■ **Work request**
Copy out the data word for word. The images are not part of the copy.

■ **Data shown**
--

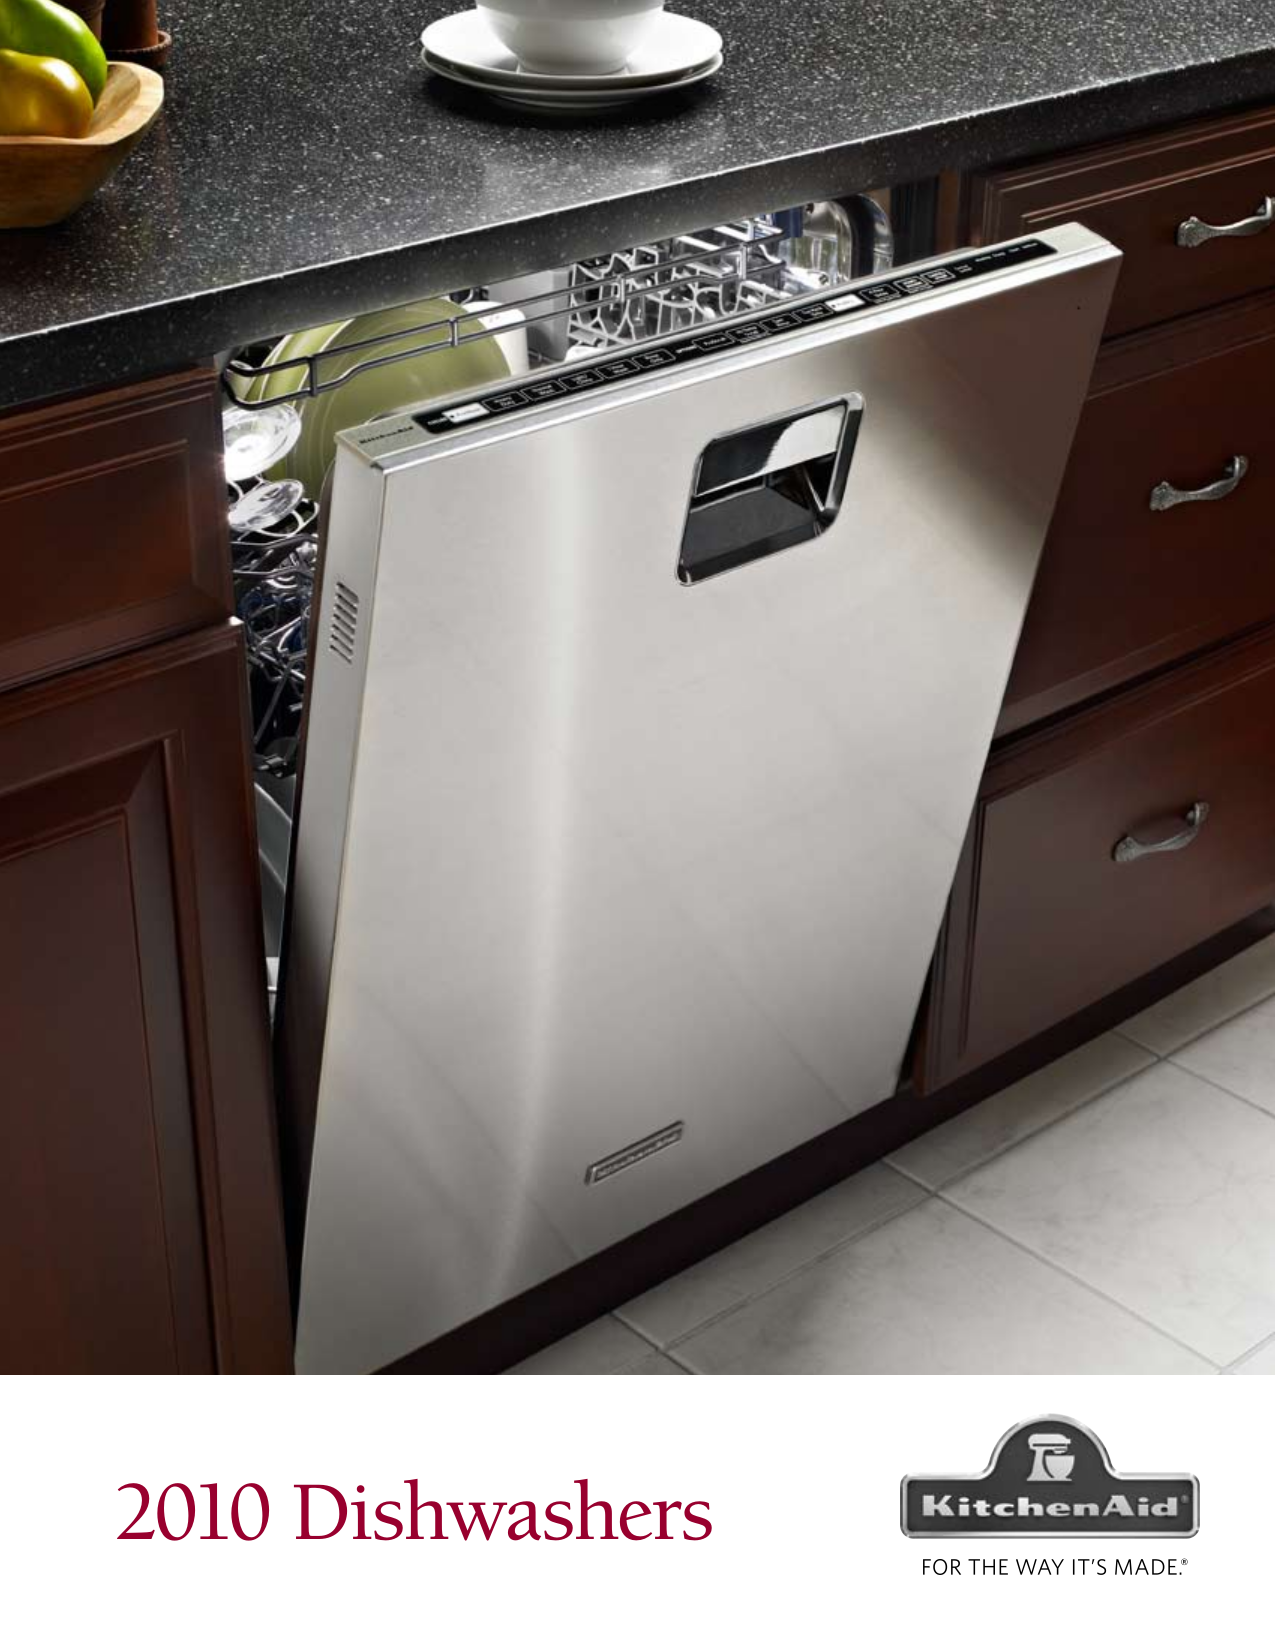 Kitchenaid Dishwasher Manual 577 0 - Kitchen Design
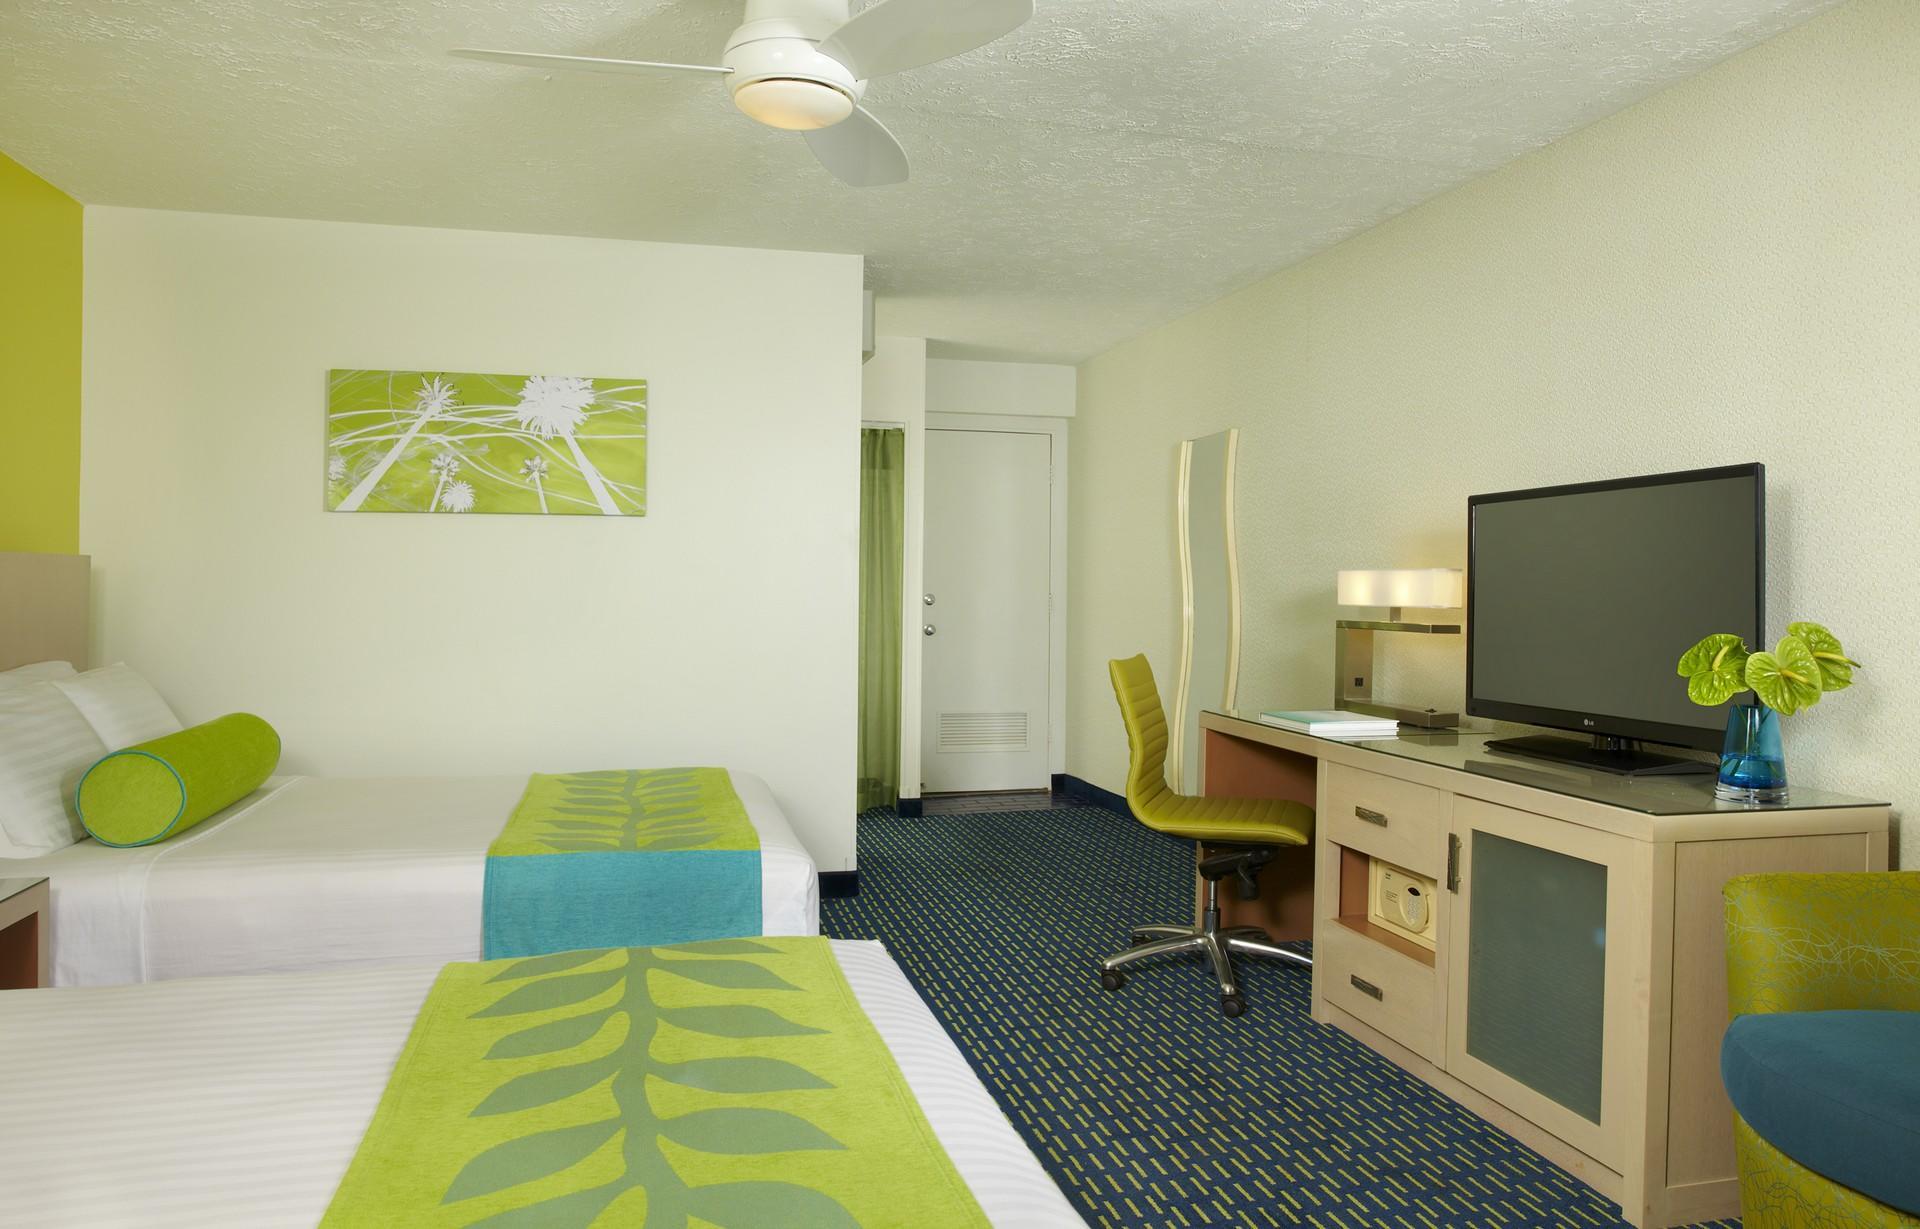 Kauai Shores Hotel image 8
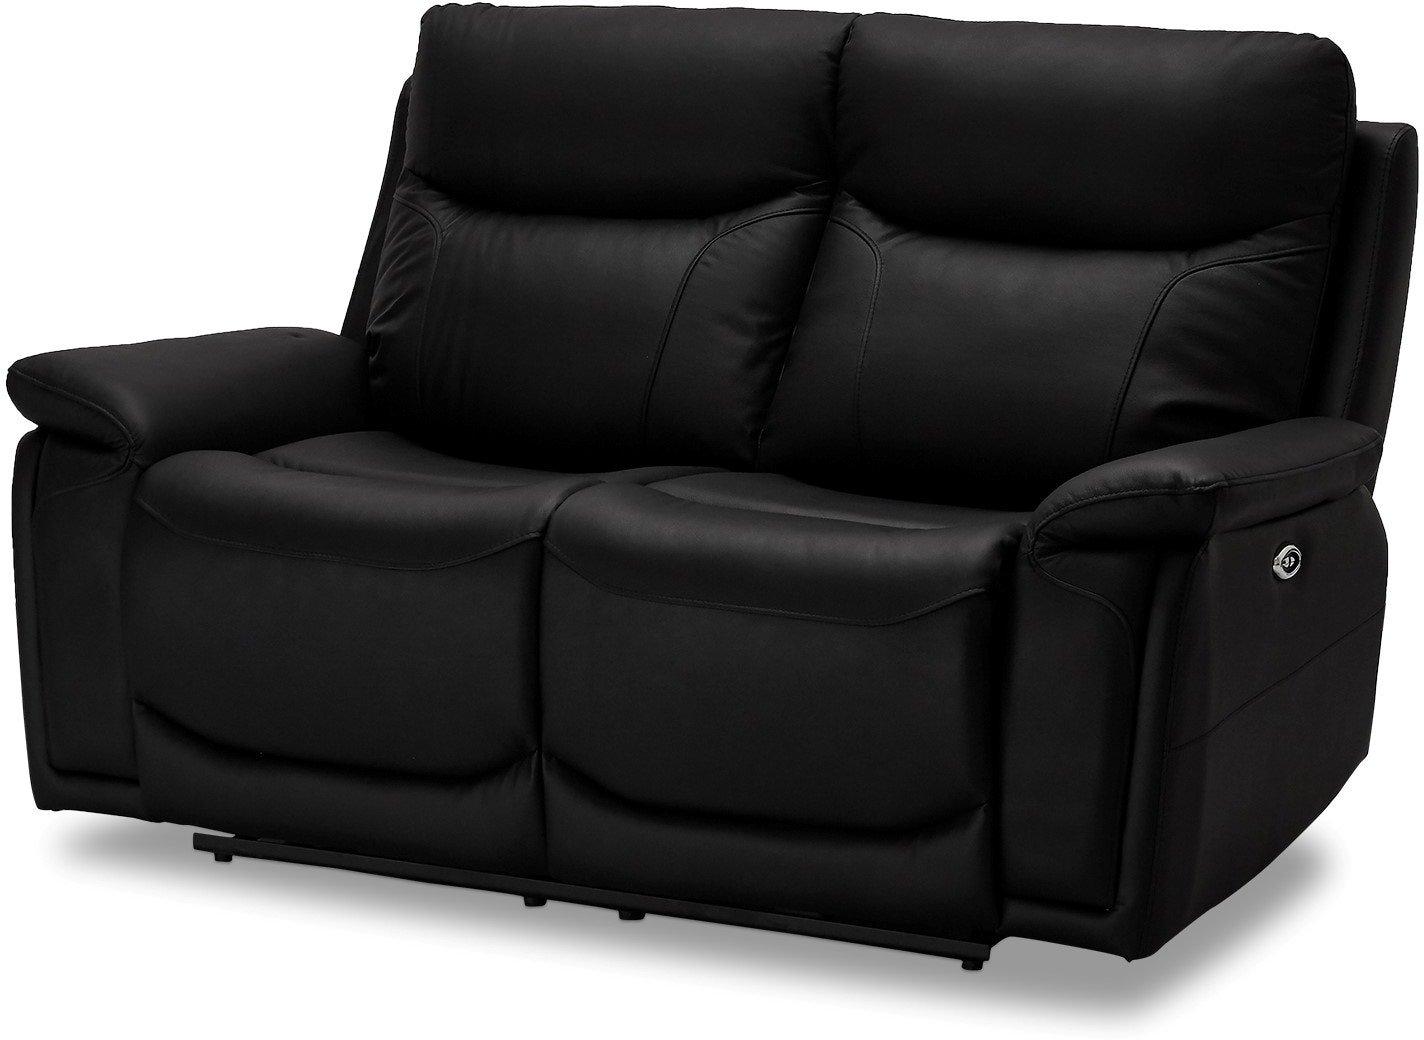 Stirling, 2-personers sofa, Ægte læder by Raymond & Hallmark (H: 100 cm. B: 166 cm. L: 99 cm., Sort)

--

■ **Solved problem**
 Kitchenaid Dishwasher Manual 577 0 - Kitchen Design
 Kauai Shores Hotel image 8
 Stirling, 2-personers sofa, Ægte læder by Raymond & Hallmark (H: 100 cm. B: 166 cm. L: 99 cm., Sort)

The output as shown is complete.